==== Available records ====
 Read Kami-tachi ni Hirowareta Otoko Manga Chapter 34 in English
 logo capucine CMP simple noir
====
==== Available records ====
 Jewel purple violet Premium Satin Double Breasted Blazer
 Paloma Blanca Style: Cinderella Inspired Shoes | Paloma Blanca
====
==== Available records ====
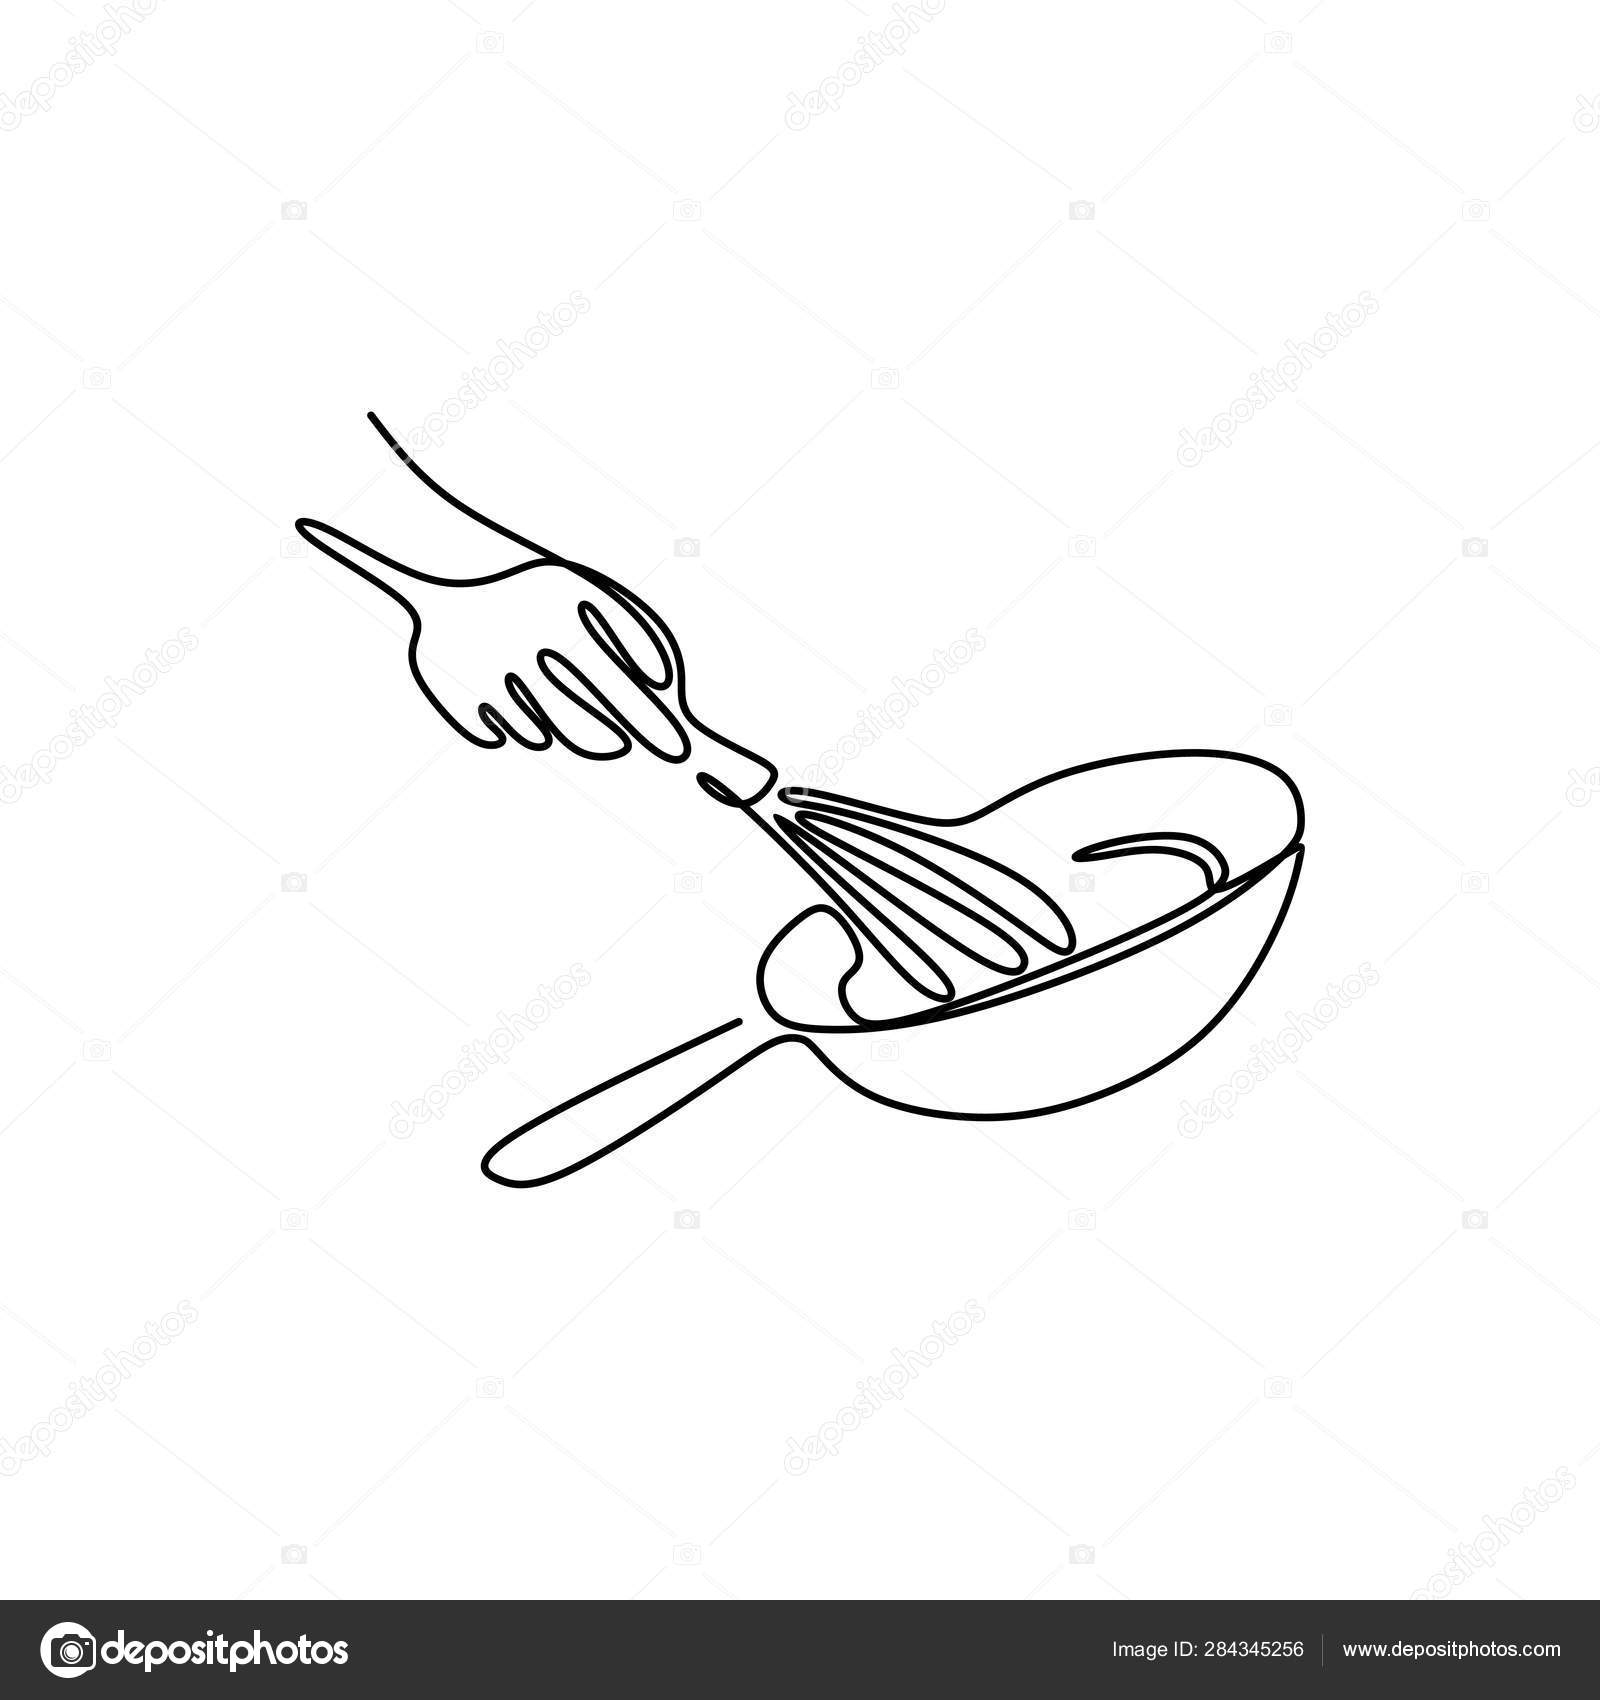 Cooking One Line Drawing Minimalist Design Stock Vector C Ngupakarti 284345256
====
Among the records above, extract exactly the lines from the line with "Read Kami-tachi ni" to the line with "logo capucine CMP simple noir", both lines included, and leave out the rest.

 Read Kami-tachi ni Hirowareta Otoko Manga Chapter 34 in English
 logo capucine CMP simple noir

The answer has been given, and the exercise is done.